As the noble Lord, Lord King, said, the Prime Minister, the Home Secretary, the head of GCHQ and the head of the Security Service have all said that this Bill is urgent, and I do not think that one should take what they say on security lightly. The traitor Snowden has made us all less safe. Terrorists are now much cuter about using data in ways which mean that our law enforcement people cannot get hold of them. As an aside, it is rather amusing or ironic that Snowden is living in a country which is such a paragon in terms of ensuring that its people are not snooped at and looked at, but that is a different issue.

The fact that the fast-track Bill is very important does not mean that we should miss this opportunity to tackle this issue. The noble Lord, Lord Carlile, put it very neatly when talking about the amendments drawn up for the Joint Committee. It is absolutely extraordinary that we have not been allowed to see those. We understand that there will be more amendments given that we had emergency legislation last summer. Why did we have that? It was because we did not have a communications data Bill. We have a fast-track Bill now which includes data provision. Why is that? It is because we do not have a communications data Bill. How much better the situation would be if we had had a proper communications data Bill.

There is a two-month period now. In two months we formed a task force, sailed to the Falklands, recaptured them and said that we had won. We have two months in which the other place is doing almost nothing at all.
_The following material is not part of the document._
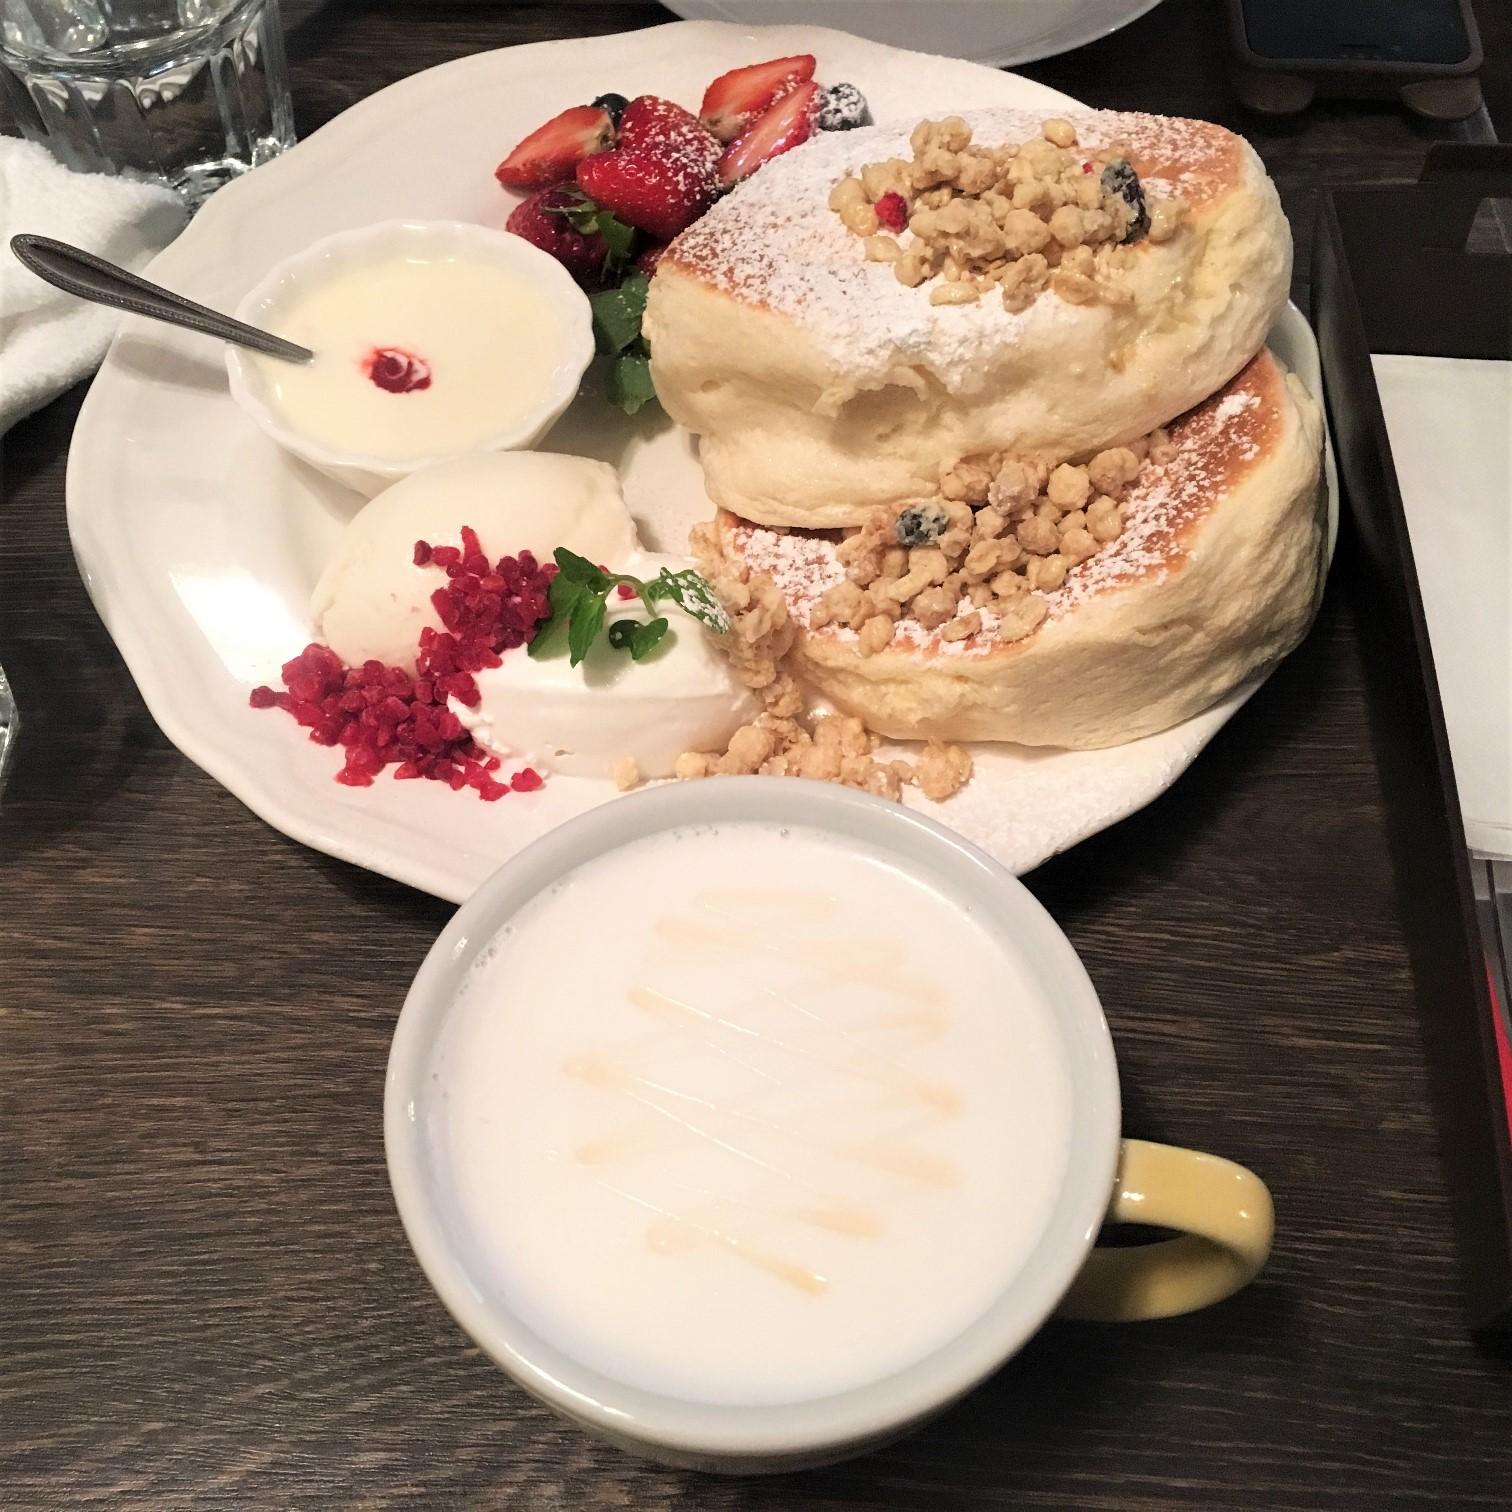 Cafe del SOL 福岡鬆餅 福岡美食 福岡 甜點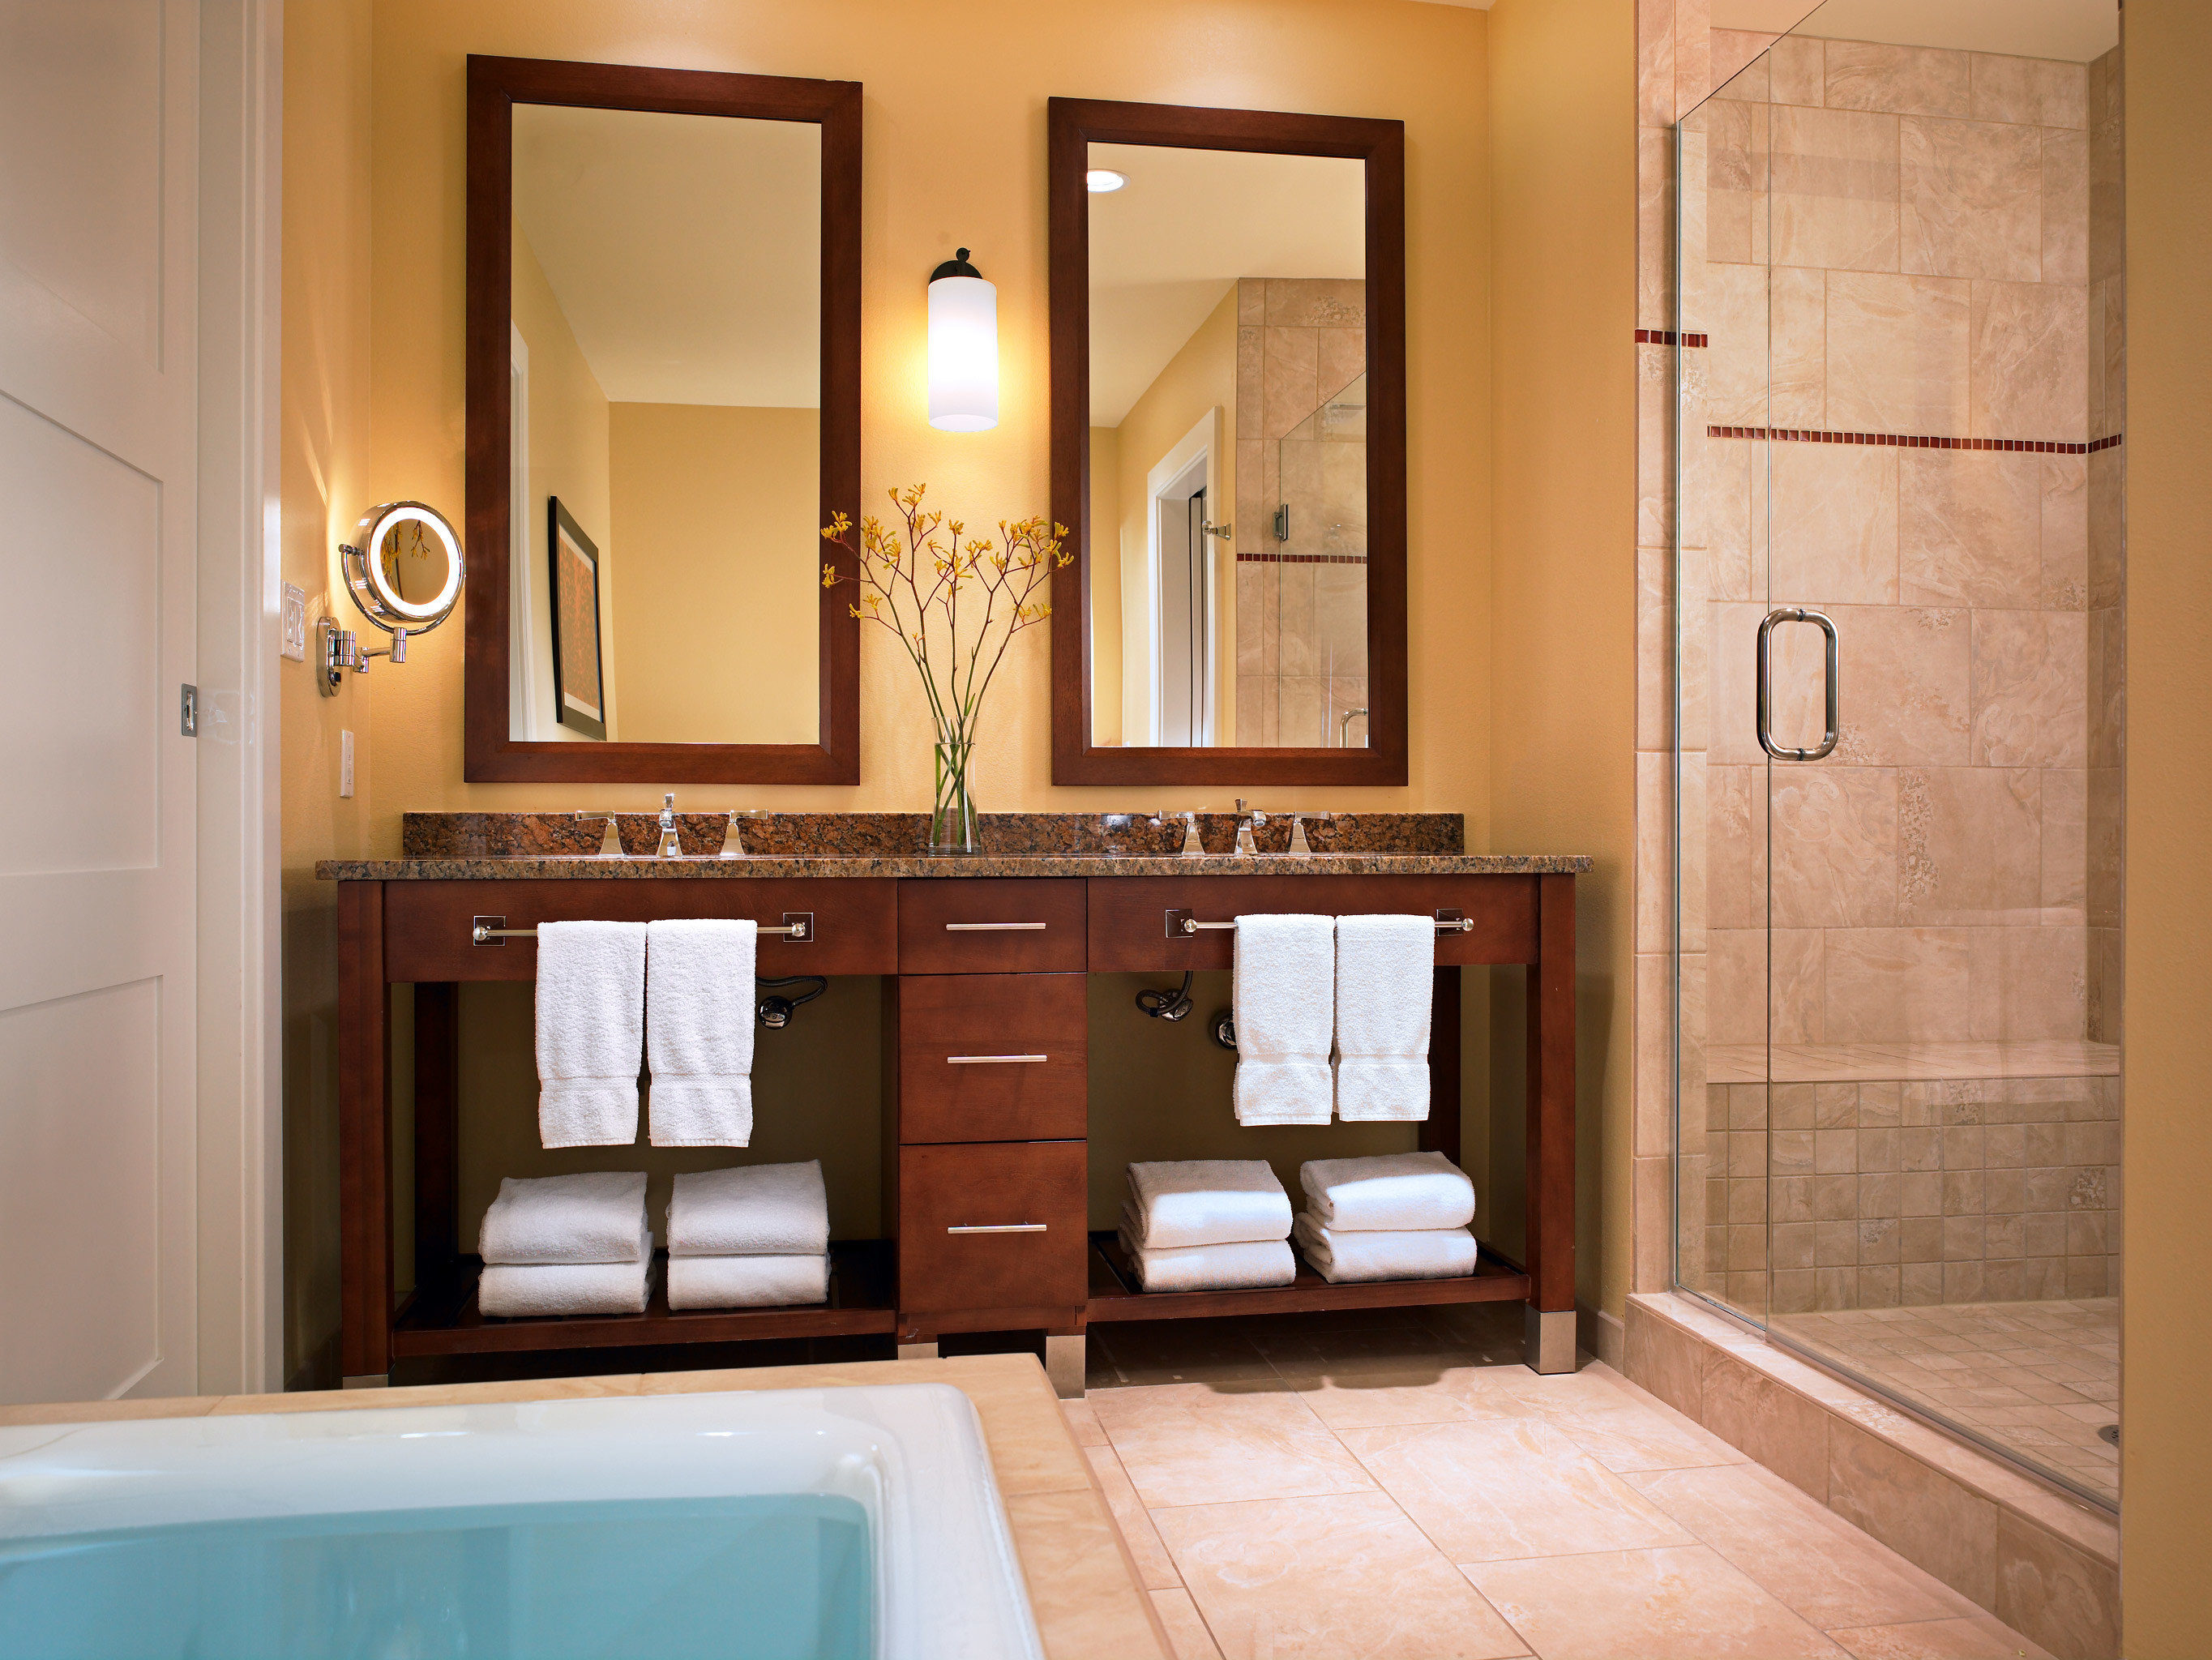 Bath Hot tub Hot tub/Jacuzzi Modern Villa bathroom property sink home cabinetry hardwood flooring Suite mansion plumbing fixture cottage tub tiled

Perhaps it could stop working a two-day week, take this Bill seriously with all the amendments, do all the necessary amending, and give itself enough time to provide the necessary safeguards for our people—it is right that they should have privacy safeguards—but also make them safer. I doubt very much that there will be another two months in which to do this in the other place after the election, as has already been touched on by a number of speakers, as things will start to happen then and we have to have new legislation by December 2016. That sounds very far away but it is not; it is very close. Therefore, it is highly likely that there will be more fast-track and emergency legislation, as my noble friend Lord Harris said, because we are missing a trick in getting this done.

I hope that the Conservative Party and the Labour Party will put this issue in their manifestos and make it a manifesto commitment. If the Liberal Democrats did so I would be absolutely delighted, but I fear that at the moment they do not seem to know which way is up on this issue. Will the Minister give that commitment?